A adoção de criptomoedas pela geração mais jovem

As criptomoedas precisam de mais educação económica

Adoção das criptomoedas pela geração mais jovem

Os jovens são atraídos pelas criptomoedas, como a Bitcoin e a Solana. Trata-se de activos digitais baseados na tecnologia blockchain, um registo descentralizado e seguro que regista as transacções sem a necessidade de intermediários como bancos ou governos. Criados para funcionar em redes informáticas peer-to-peer, oferecem uma alternativa aos sistemas financeiros tradicionais, garantindo transparência, segurança criptográfica e descentralização, eliminando assim o controlo centralizado.

Em que é que a Bitcoin é diferente das outras criptomoedas?

A Bitcoin, lançada em 2009 por uma pessoa ou grupo sob o pseudónimo Satoshi Nakamoto, é a primeira e mais conhecida criptomoeda. Lançou as bases da tecnologia blockchain e continua a ser uma referência. Difere de outras criptomoedas (como Ethereum, Litecoin, Ripple, etc.) em vários aspectos fundamentais. Eis as principais diferenças, com base nos dados das fontes Web fornecidas e nos conhecimentos gerais:

1. Origens e objetivo principal

  • Bitcoin: Concebida como uma moeda digital descentralizada para ser uma alternativa ao sistema monetário tradicional, centrada nos pagamentos peer-to-peer sem intermediários. O seu principal objetivo é servir de "moeda digital" e de reserva de valor, sendo frequentemente comparada ao "ouro digital".

  • Outras criptomoedas (altcoins): Muitas altcoins, como a Ethereum, foram criadas para alargar ou melhorar a funcionalidade da Bitcoin.
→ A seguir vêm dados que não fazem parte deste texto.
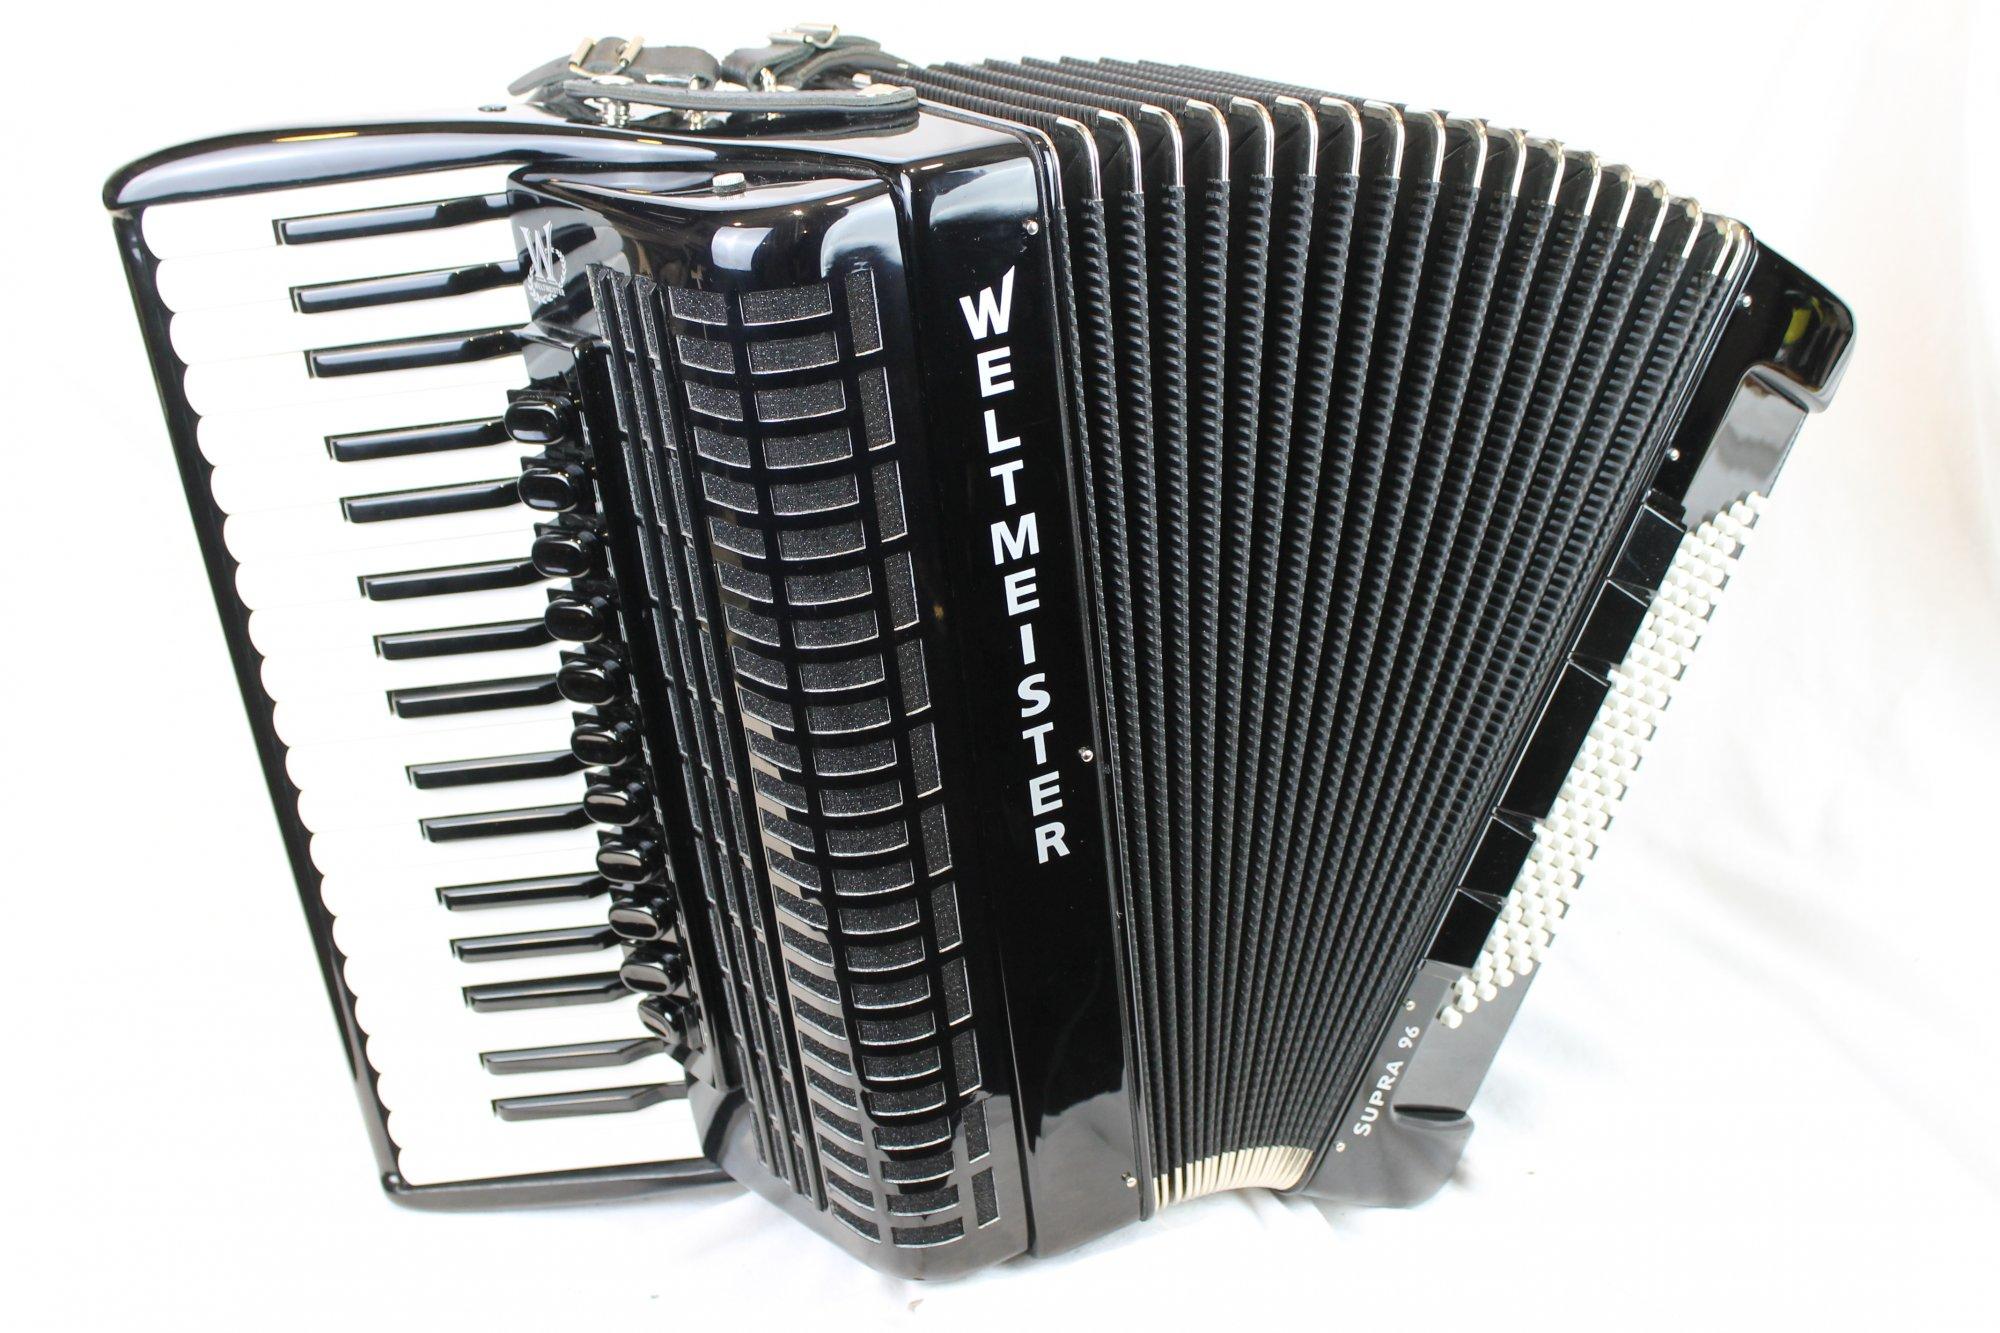 NEW Black Weltmeister Supra Tone Chambered Piano Accordion LMMH 37 96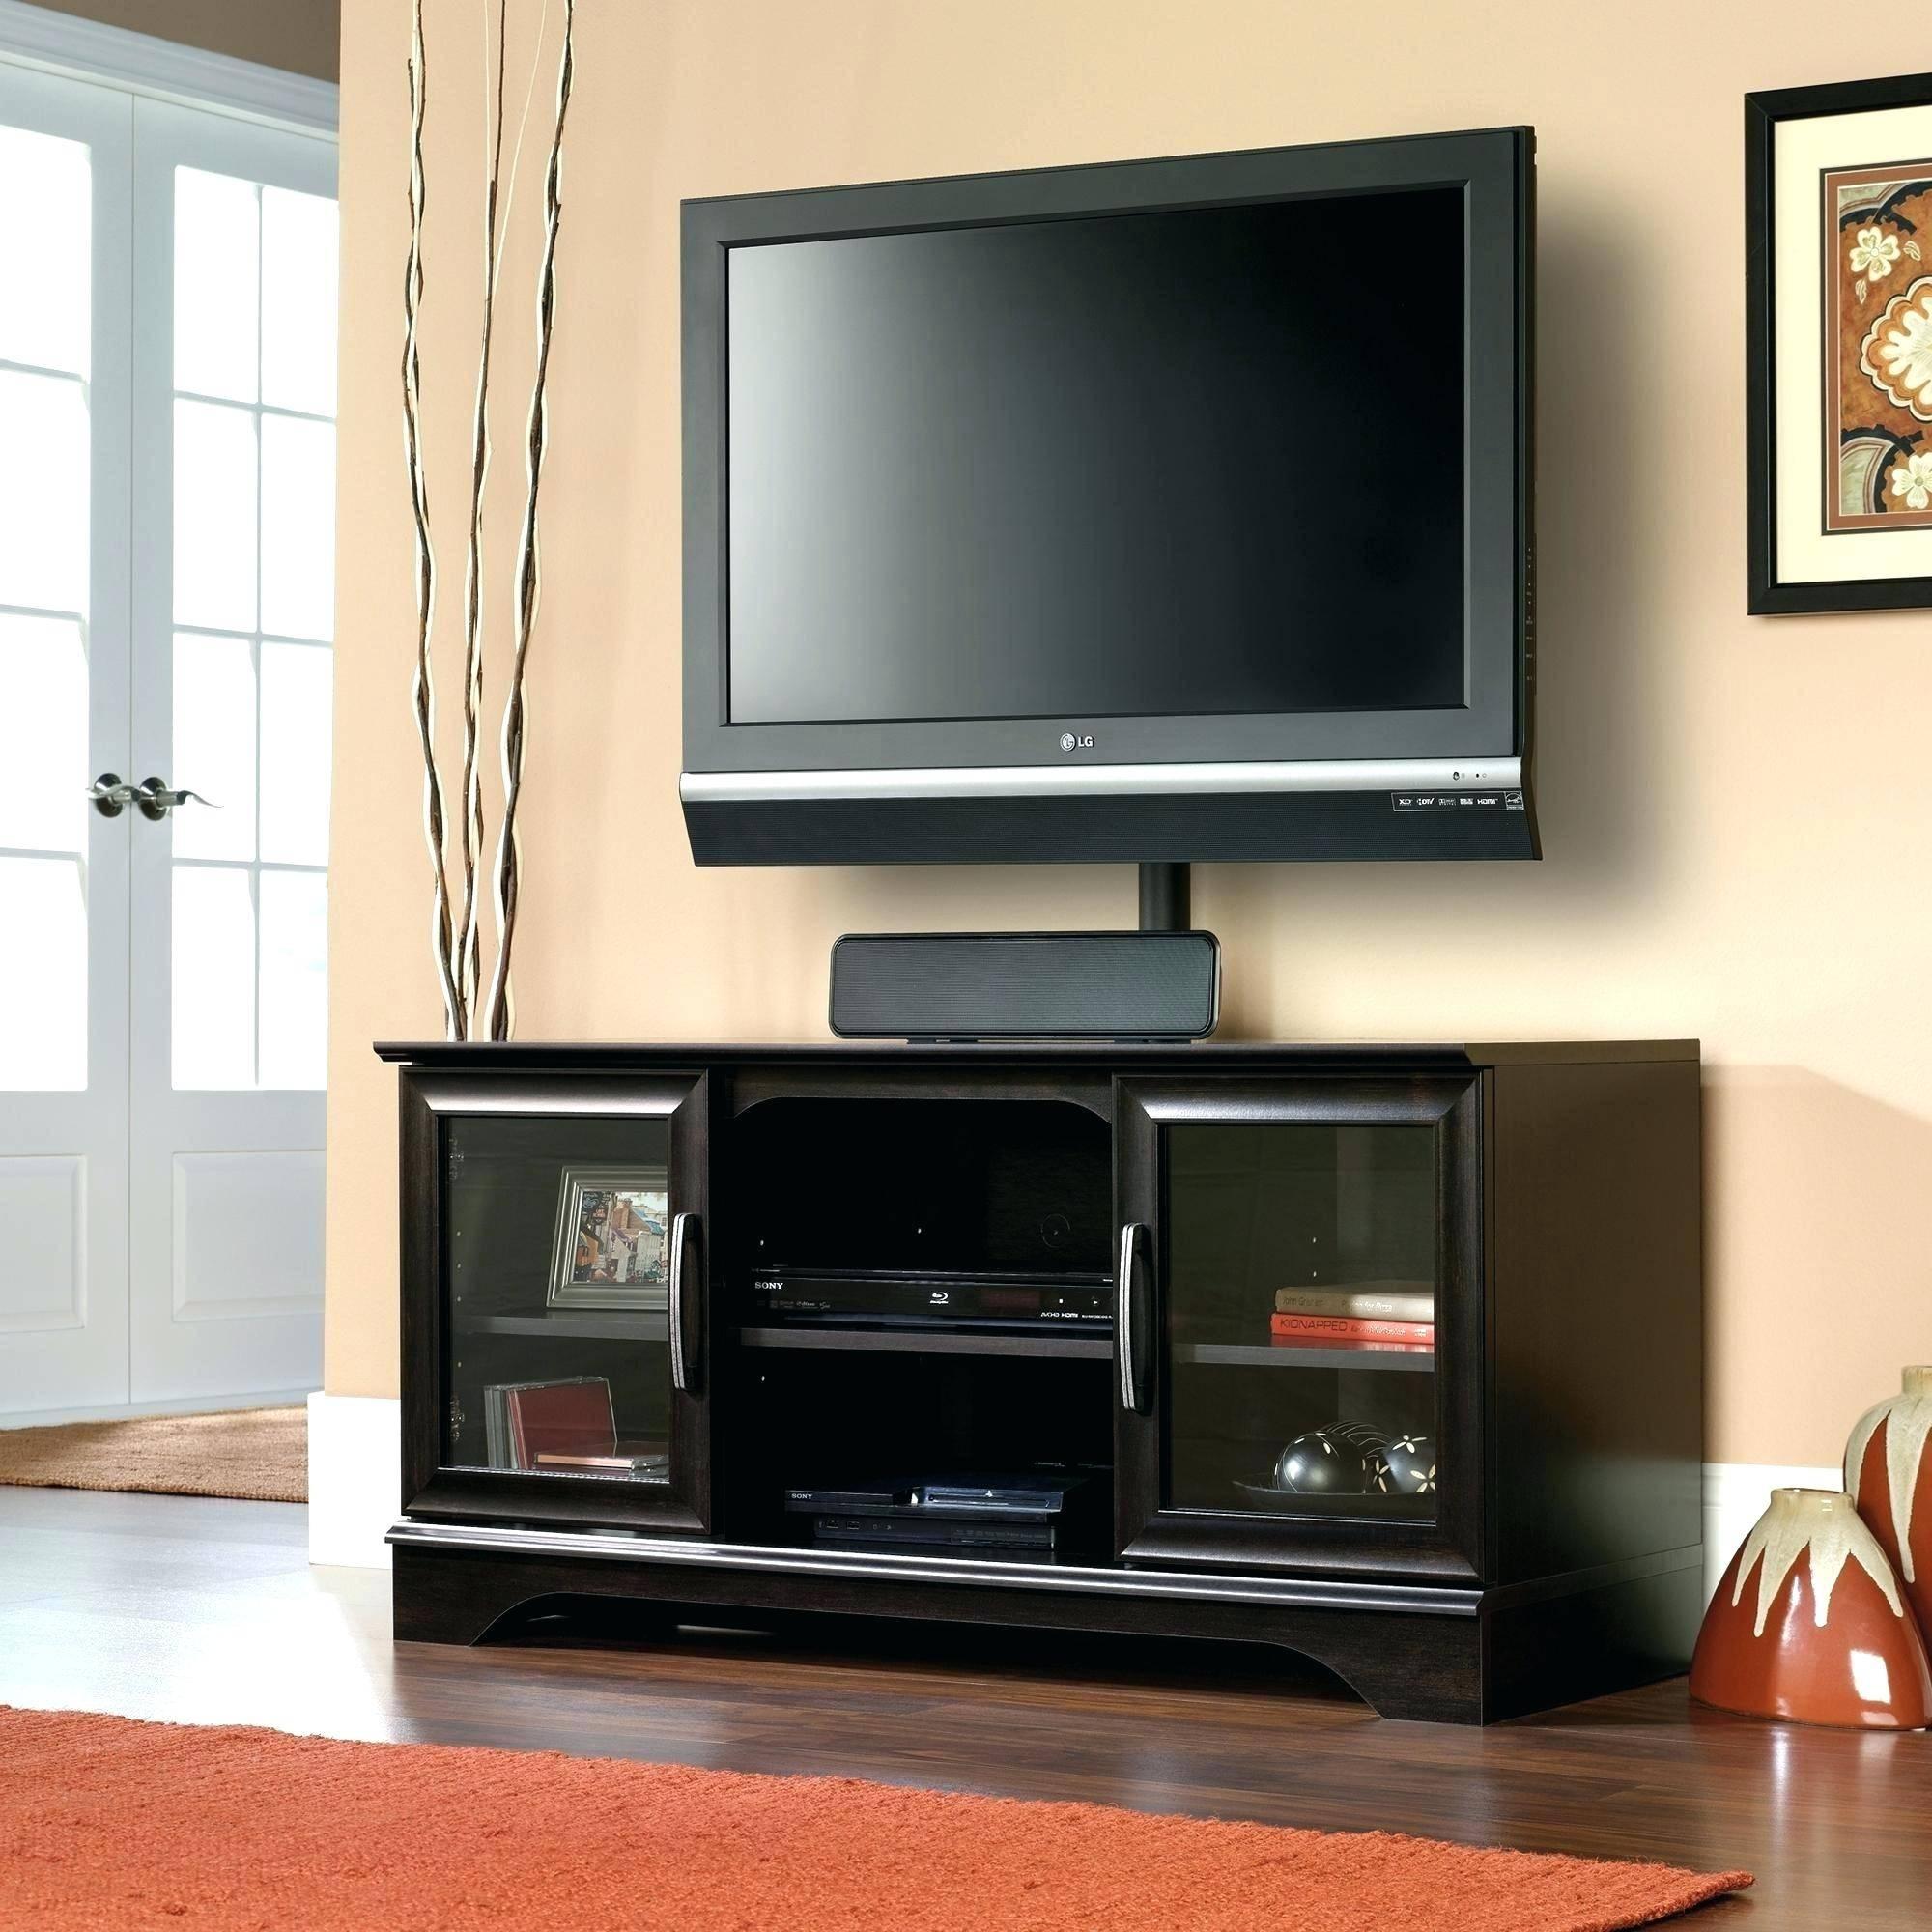 Tv Stand : Trendy Tv Stand With Optional Mountswivel Mount Black Regarding Trendy Tv Stands (View 7 of 15)

O Ethereum, por exemplo, introduz contratos inteligentes, permitindo aplicações descentralizadas (dapps) e finanças descentralizadas (DeFi), enquanto o Litecoin visa transacções mais rápidas e o Ripple (XRP) se centra em pagamentos internacionais rápidos e pouco dispendiosos para as instituições financeiras.

2. Tecnologia e caraterísticas

  • Bitcoin: Utiliza um algoritmo de consenso denominado Proof of Work (PoW) para proteger a rede e validar as transacções. Tem um limite fixo de 21 milhões de Bitcoins, reforçando o seu papel de reserva de valor, mas é limitada em termos de escalabilidade (cerca de 7 transacções por segundo) e não suporta contratos inteligentes nativos.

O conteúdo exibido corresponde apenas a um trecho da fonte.